-------- Dataset content --------

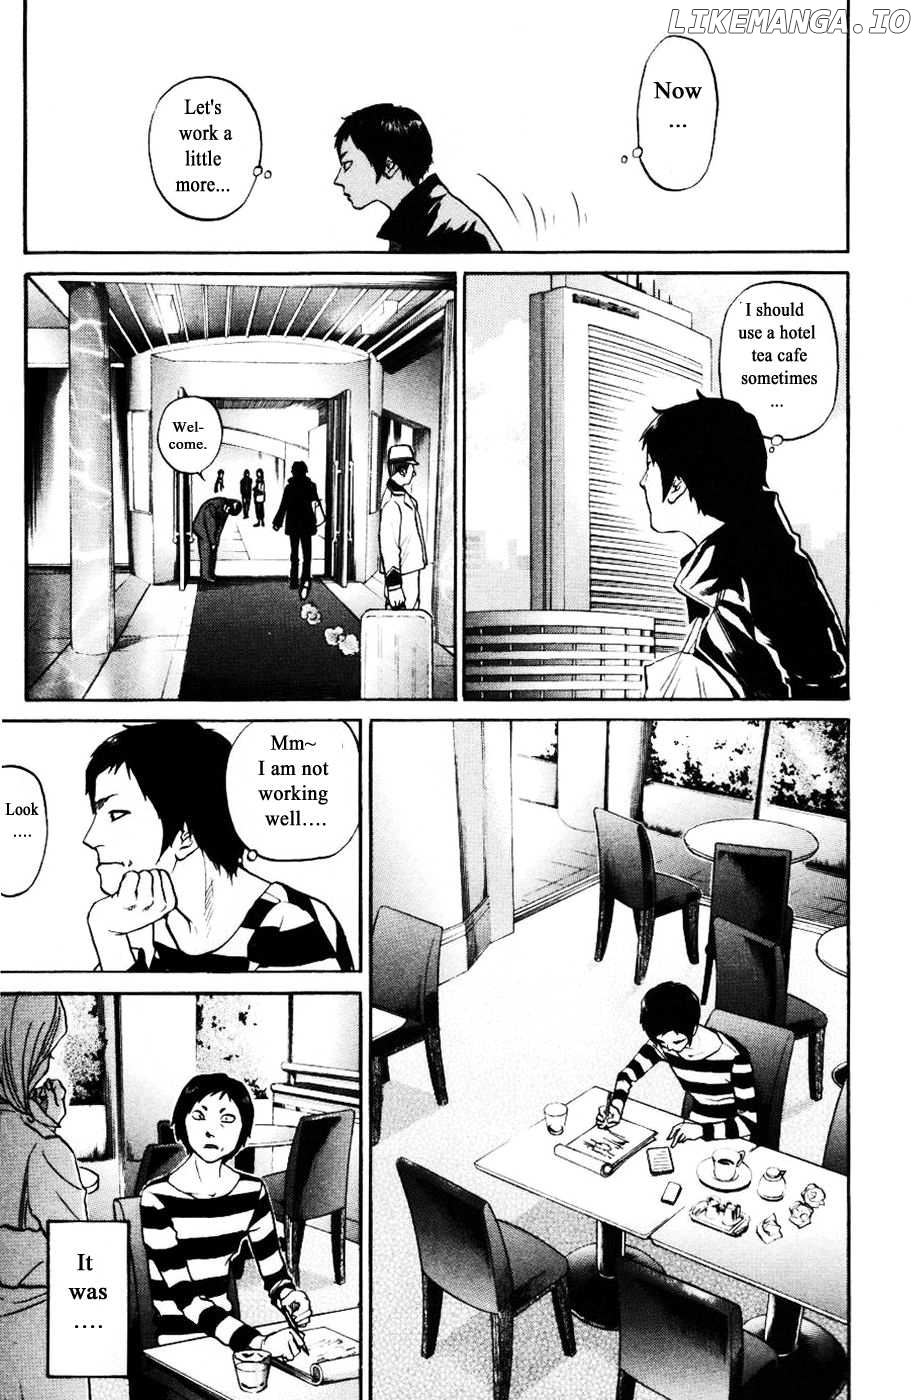 Haruka 17 Chapter 126 - page 11
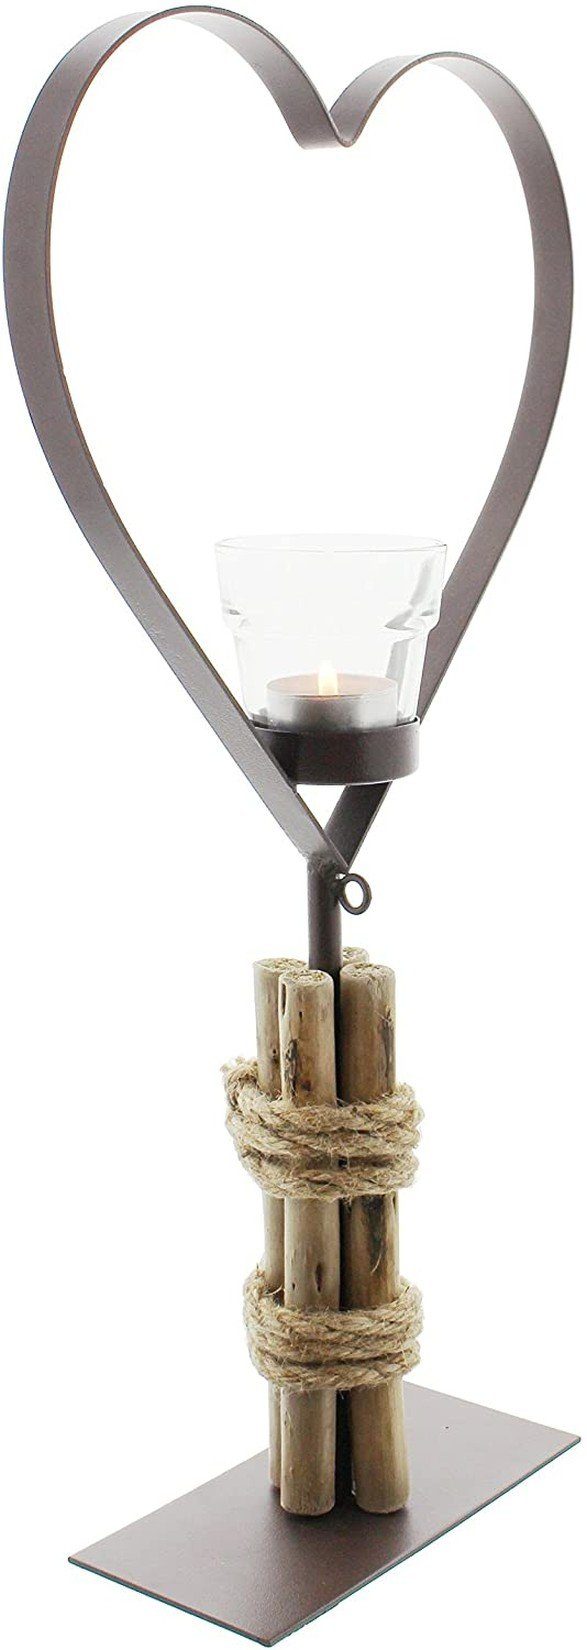 Dekoherz (1 großes Teelichthalter mit Hochzeitsdeko Metall-Herz Glas-Teelichthalter Treibholz, Dekoleidenschaft & St),
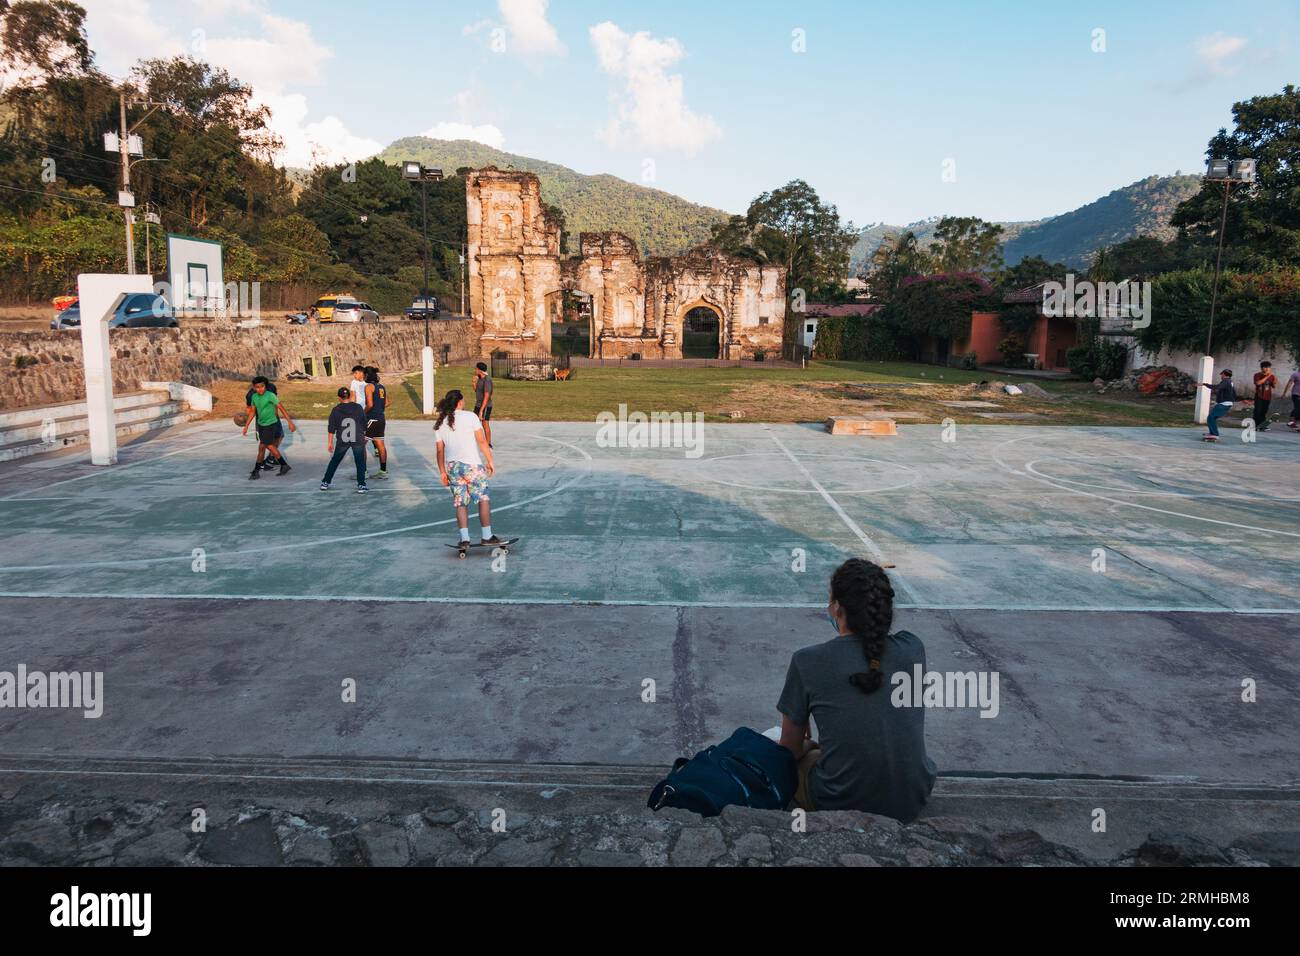 Une femme regarde des enfants jouer au basket-ball sur un court public, avec les ruines d'un bâtiment colonial espagnol reposant derrière, à Antigua Guatemala Banque D'Images
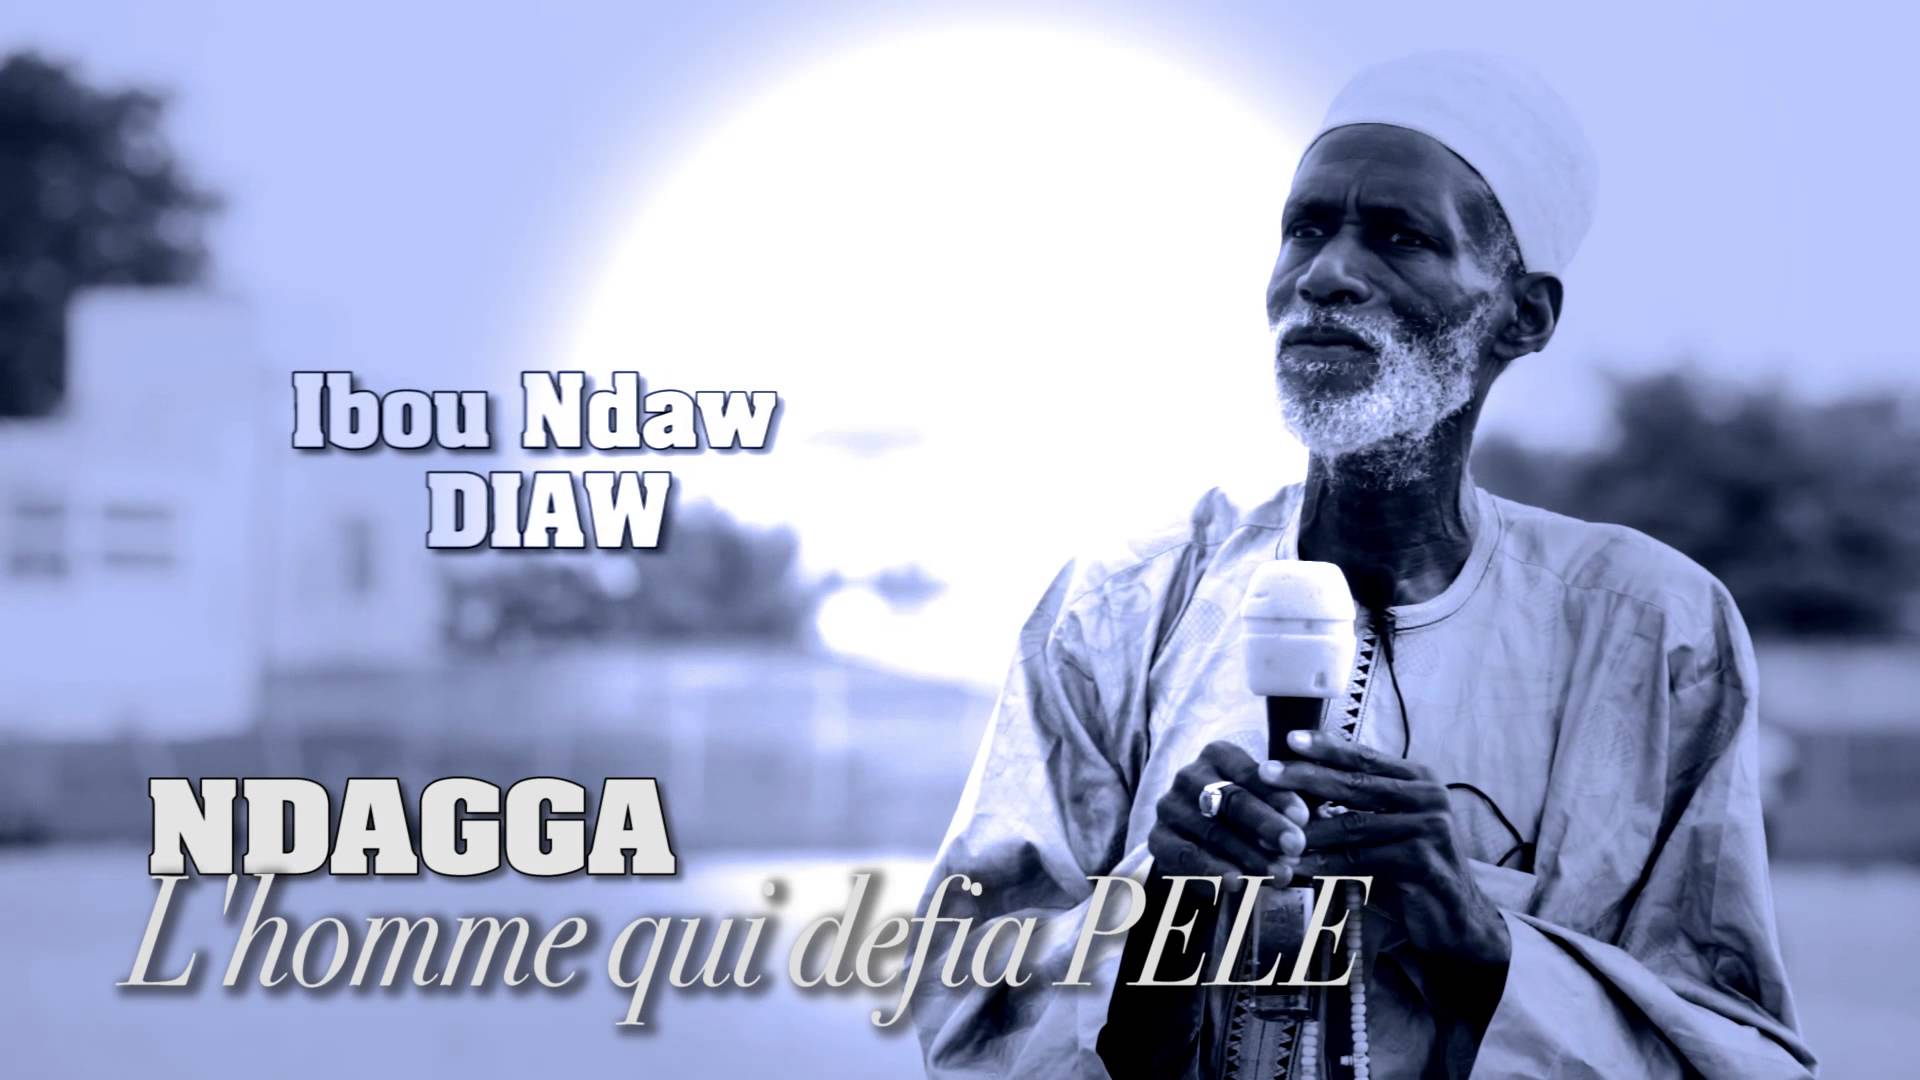 Documentaire : Ibou Ndaw Diaw Ndagga, l'homme qui défia Pelé

--------

--- What is required ---
For this exercise, reproduce the data above exactly from the line containing "Dekoherz (1 großes" through its final line, both ends included, with no pictures in the copy.

--- Worked solution ---
 Dekoherz (1 großes Teelichthalter mit Hochzeitsdeko Metall-Herz Glas-Teelichthalter Treibholz, Dekoleidenschaft & St),
 Une femme regarde des enfants jouer au basket-ball sur un court public, avec les ruines d'un bâtiment colonial espagnol reposant derrière, à Antigua Guatemala Banque D'Images
 Documentaire : Ibou Ndaw Diaw Ndagga, l'homme qui défia Pelé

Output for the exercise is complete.